The enrollee is locked in and says: "I have an eye disease and need a cornea transplant. I found one eye surgeon in my area but he doesn't take my plan. He's the only one in the area that knows how to do this surgery. Can I change my plan?" Which GC would apply?
Correct Answer
B. • GC1623
Explanation
GC1623 would apply in this situation. This GC allows an enrollee to change their plan if they have a specialized medical condition and the current plan does not cover the necessary treatment or services. Since the enrollee has an eye disease and needs a cornea transplant, and the only eye surgeon in their area who can perform the surgery does not accept their current plan, they would qualify for a plan change under GC1623.
17.
All Good Cause plan changes will be approved regardless of the reason.
Correct Answer
B. False
Explanation
The statement is false because not all Good Cause plan changes will be approved regardless of the reason. The approval of plan changes depends on various factors such as the validity and legitimacy of the reason provided for the change. Therefore, it is incorrect to say that all Good Cause plan changes will be approved without considering the reason.
18.
The enrollee is locked in and says: "Whenever I try to go to an appointment with my doctor it takes forever to be seen! This is the only provider in the area that accepts my plan. Can I change my plan?" Which Good Cause Reason can you use?
Correct Answer
A. • GC4
Explanation
The Good Cause Reason that can be used in this situation is GC4. GC4 refers to "Inadequate access to covered benefits." The enrollee is expressing frustration with the long wait times to see their doctor, indicating that they are experiencing inadequate access to the covered benefits of their plan. This would qualify them for a Good Cause plan change.
19.
What happens after an enrollee is approved for a Good Cause plan change?
Correct Answer
B. • An additional 120 day change period will be granted.
Explanation
After an enrollee is approved for a Good Cause plan change, they will be granted an additional 120 day change period. This means that they will have 120 days to make any further changes to their plan if needed. This allows the enrollee more flexibility and time to adjust their plan according to their specific needs and circumstances.
20.
An enrollee is really upset and states they have received a denial letter from an attempted GC9 plan change.

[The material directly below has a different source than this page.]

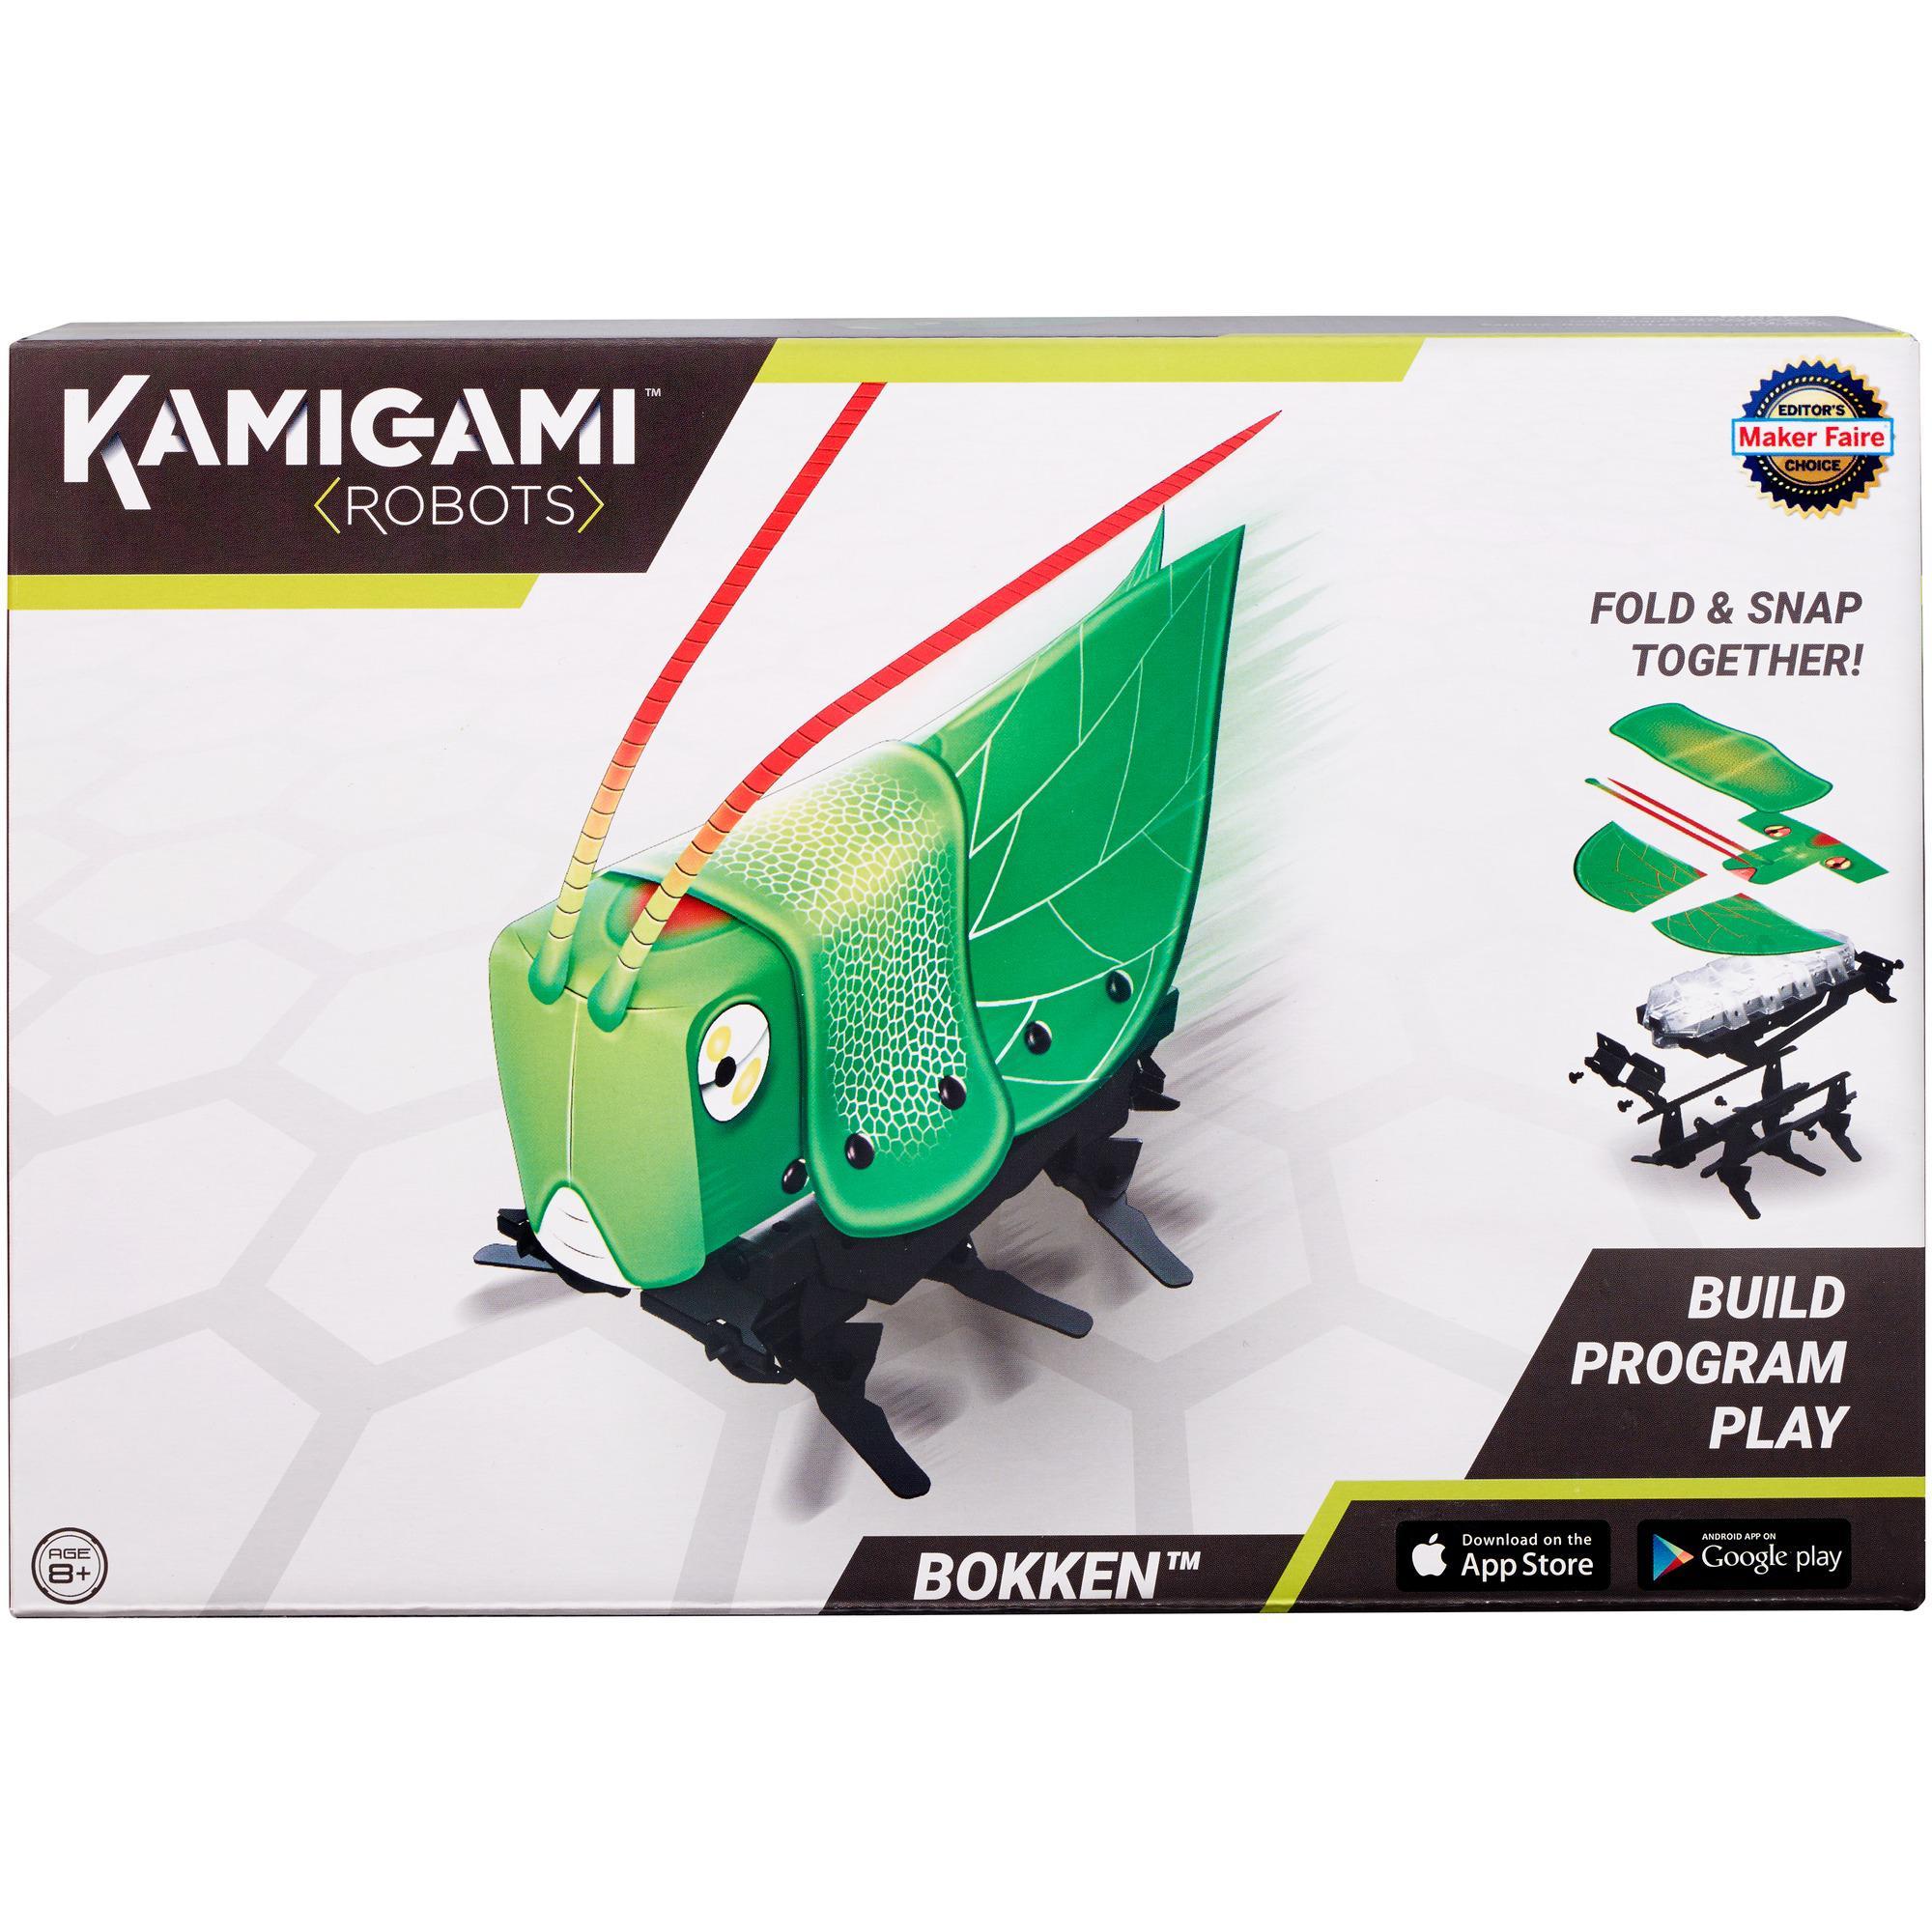 Kamigami Bokken Grasshopper Build Program Play Engineering STEM Robot

Their provider stopped accepting the plan and the enrollee does not want to change providers because this provider has all of their medical information and they are comfortable with them. How should you proceed?
Correct Answer
A. • Advise the enrollee of their lock-in and open enrollment dates and tell them to call back to change when they are in their open enrollment period. Offer to file a complaint and include detailed notes.
Explanation
The correct answer is to advise the enrollee of their lock-in and open enrollment dates and tell them to call back to change when they are in their open enrollment period. This is the appropriate response because open enrollment is the designated time for individuals to make changes to their healthcare plans. By informing the enrollee of their options and offering to file a complaint, the representative is providing assistance while following the proper procedures.